Floods of alcohol and a fair amount of food turned up too. We had a ‘Son tucked into kind of sandwich and fried potatoes (5)’ S in ROTI = ROSTI, ‘Italian composer disposing of the Spanish pancakes (5)’ B[EL]LINI, ‘Shops old piece of meat about to be binned (6)’ O + [C]UTLET = OUTLET and ‘Casserole made from pieces of duck breast I stewed with ale (6)’ giving D B I ALE* = DIABLE. As well as that ale for cooking, Dysart had ‘French painter half drunk (3)’ [TIS]SOT and that drunkenness was no surprise as we then found ‘Hard American drinking a dash of rusty nail = BAD round R = BRAD, then ‘Drunk on this amount (5)’ LIT + RE and finally ‘Poet’s in need of a drink, perversely giving up whiskey for daughter (4)’ AWRY with D for W. Well, cheers, Dysart!
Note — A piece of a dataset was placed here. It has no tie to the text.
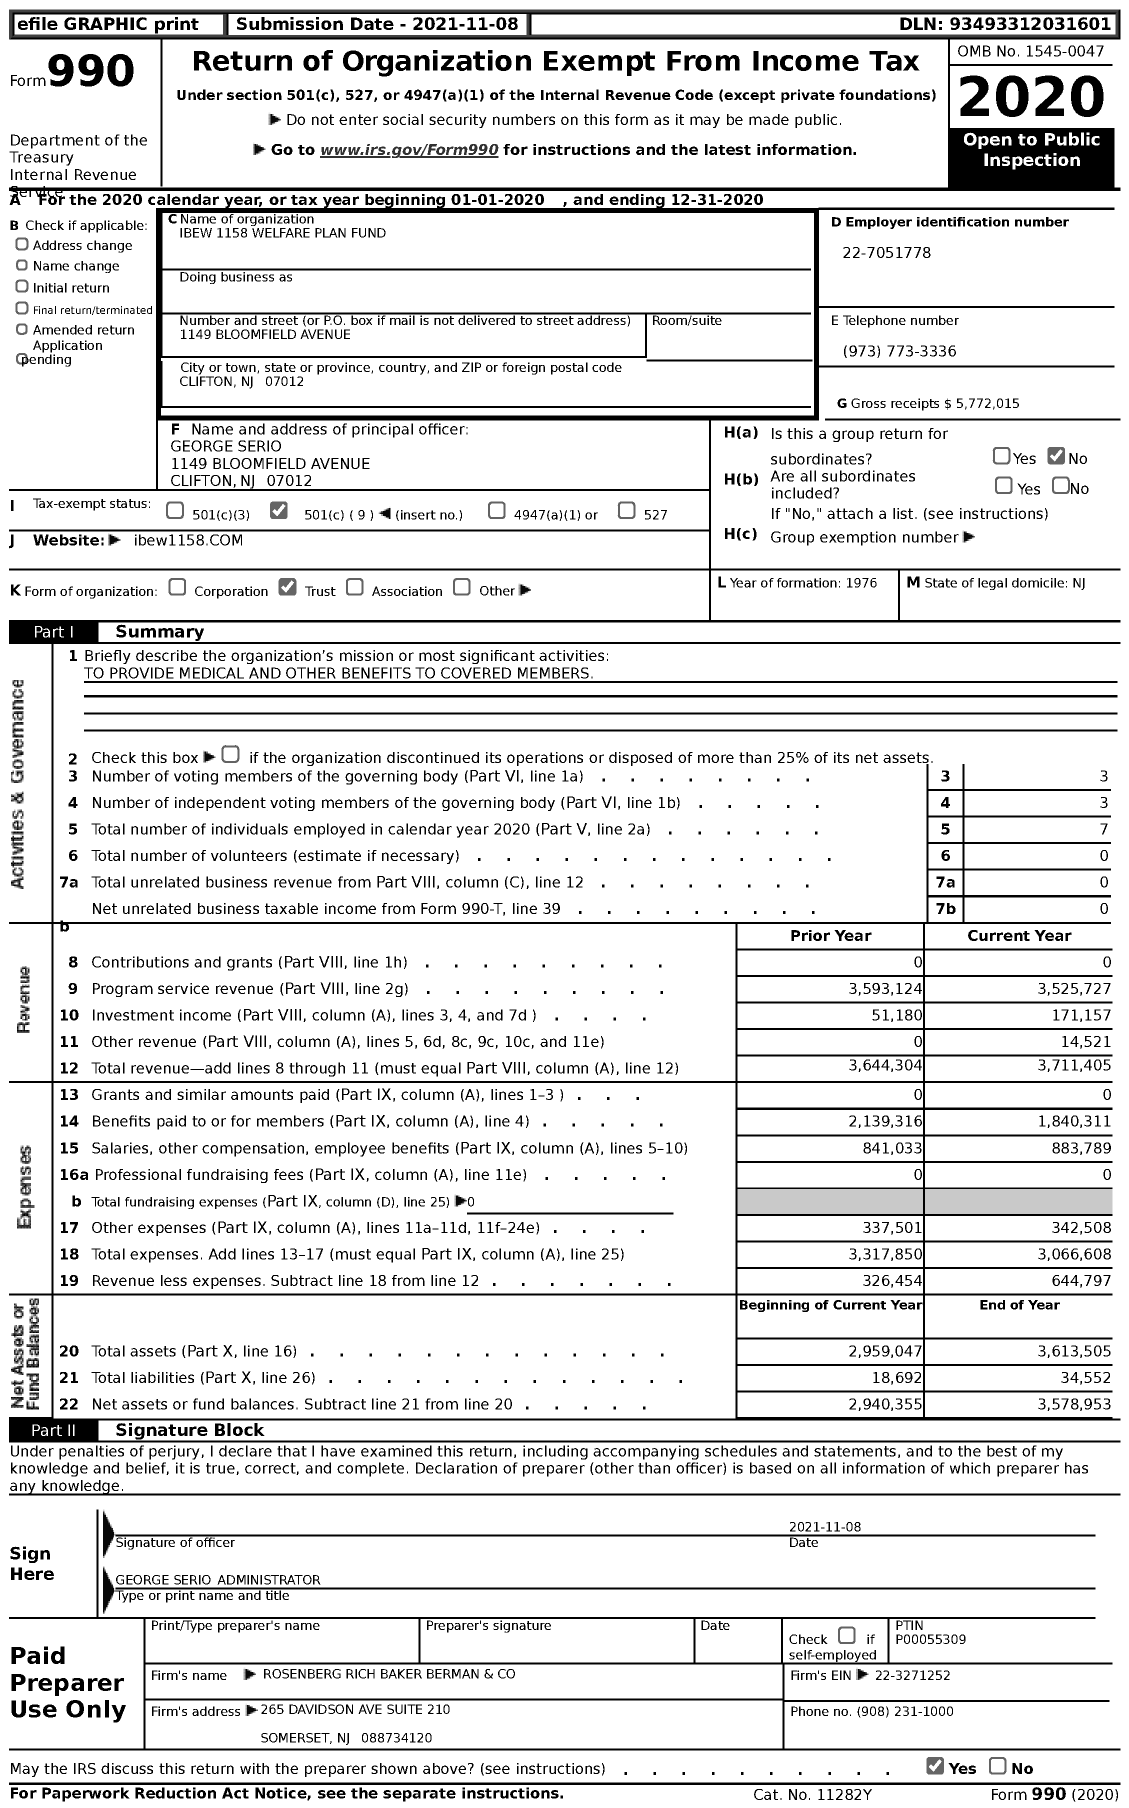 Image of first page of 2020 Form 990 for IBEW 1158 Welfare Plan Fund

We knew what we were going to do in the grid and when I hopefully put TIMOTHY LEARY down the right hand side, intersecting with the I or ROSTI, and completed that row with INSURER, it seemed obvious where one of the four TUNEs had to go. We tentatively put DEF FOR[TUNE]AT as our top row and put an AIR into our bottom row with EMMY S[AIR]TED and the Y of LEARY. This placed 17 of the down clues and convinced us that those began with DIABLE. STRAIN obligingly completed our first column with DI[STRAIN]ABLE and, as we fitted the solutions to these relatively generous clues into our grid, ?ELODY appeared – obviously MELODY.

We knew we had to drop OUT four times. and soon located  [OUT]LET, L[OUT]ISH, [OUT]HER, and [OUT]DID and as the grid was populated, had only to confirm that we had turned ON four times: we found IONS, EONS, ONSET and ONUS – and all was well, except that I had been using bars to construct my grid and now had to remove them all and somehow split this set of 144 letters into 44 words with symmetry and only 56 bars.

I had admired Dysart’s cluing and use of the device, but this was certainly the master stroke. With 180° symmetry set on the ‘crossword compiler’ programme, it was a relatively easy and enjoyable task that took only a few minutes but I wonder how difficult it was for anyone working on the newspaper grid. It was certainly a brilliant piece of setting. Many thanks to Dysart.